As described above, according to the present invention, the subscriber exchange main body can be made into ATM by performing ALL processing for each subscriber line in the subscriber exchange. An ATM integrated network can be constructed without changing the ISDN terminal. AT for small subscribers without preparing an ATM terminal
Can be economically incorporated into the M network.

[Brief description of drawings]

FIG. 1 is a block configuration diagram of an apparatus according to a first embodiment of the present invention.

FIG. 2 is a diagram showing a first embodiment device of the present invention mounted on an ATM exchange.

FIG. 3 is an overall configuration diagram of a first embodiment of the present invention.

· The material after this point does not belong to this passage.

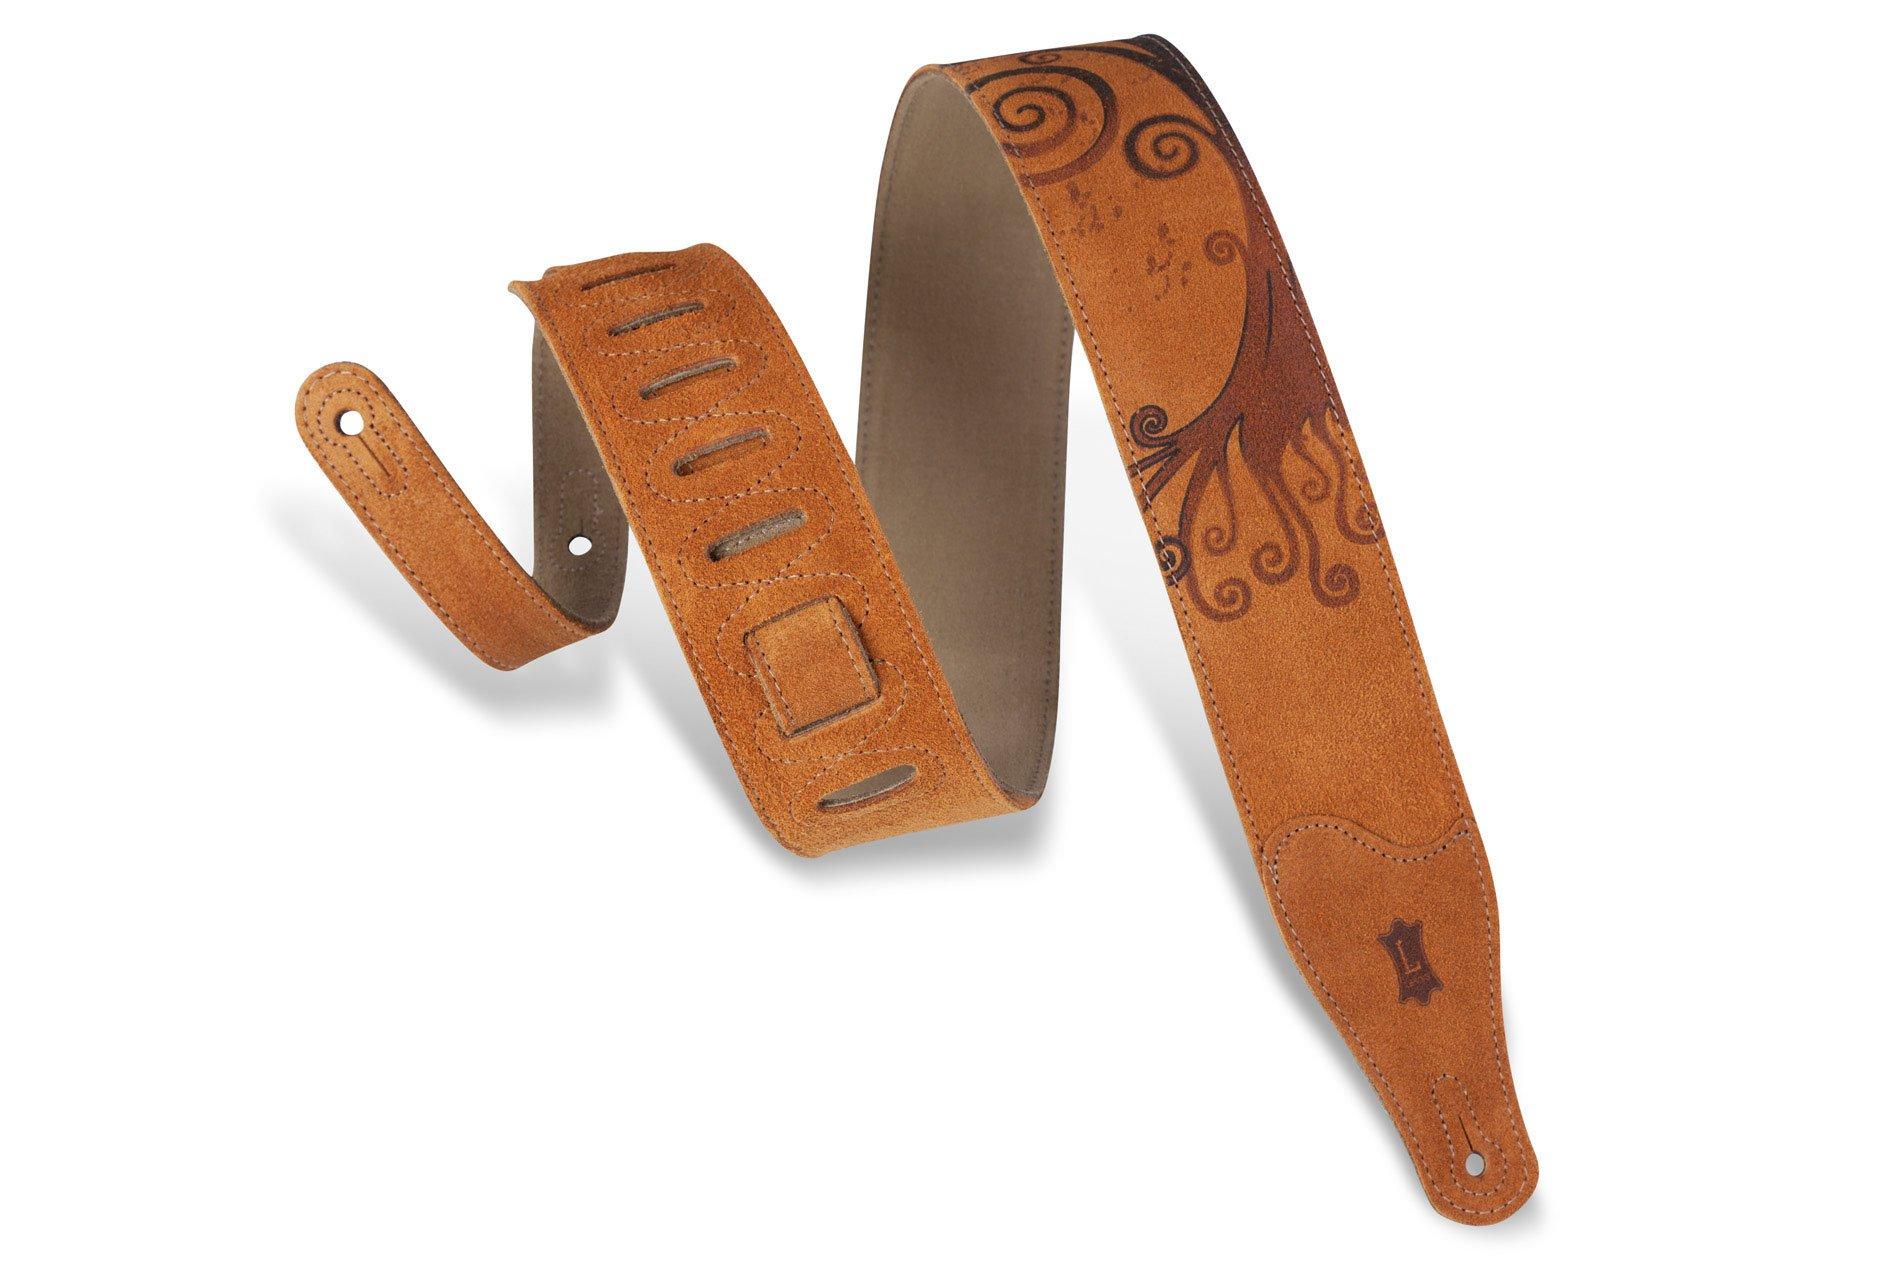 Strap - Levy's MS26COP-006 Suede Design 2 1/2

FIG. 4 is a block configuration diagram of a second embodiment device of the present invention.

FIG. 5 is a diagram showing a second embodiment device of the present invention mounted on an ATM exchange.

[Explanation of symbols]

 1 I Interface Subscriber Line 2 Intra-Station Line Termination 3 B Channel Internal Line 4 D Channel Internal Line 5 B Channel AAL Type 1 Processing Circuit 6 LAPB Circuit 7 B Channel Packet AAL Processing Circuit 8, 22 LAPD Circuit 9 Control Circuit 10 D Channel AAL processing circuit 11 ATM layer processing interface circuit 12 Intra-station wiring 13 I interface device 14 ATM switch 15 Control device 16 ATM switch 17 Message processing device 18 B channel packet frame multiplexing circuit 19, 19 'Subscriber line signaling device 20, 25 AAL type 1 processing circuit 21 AAL type 3 to 5 processing circuit 22 ISDN network 24 ATM network 26 In-station 30 Relay line

Claims (2)

[Claims] 1. In an I interface device having an intra-station line terminating circuit to which an ISDN terminal is connected, link access means for B channel and / or D channel, and B channel signal and / or D channel signal are assembled into an ATM cell. Alternatively, the I interface device is provided with means for decomposing an ATM cell into a B channel signal and / or a D channel signal, and means for transmitting / receiving the cell to / from an ATM exchange. 2. An ATM exchange equipped with the I interface device according to claim 1.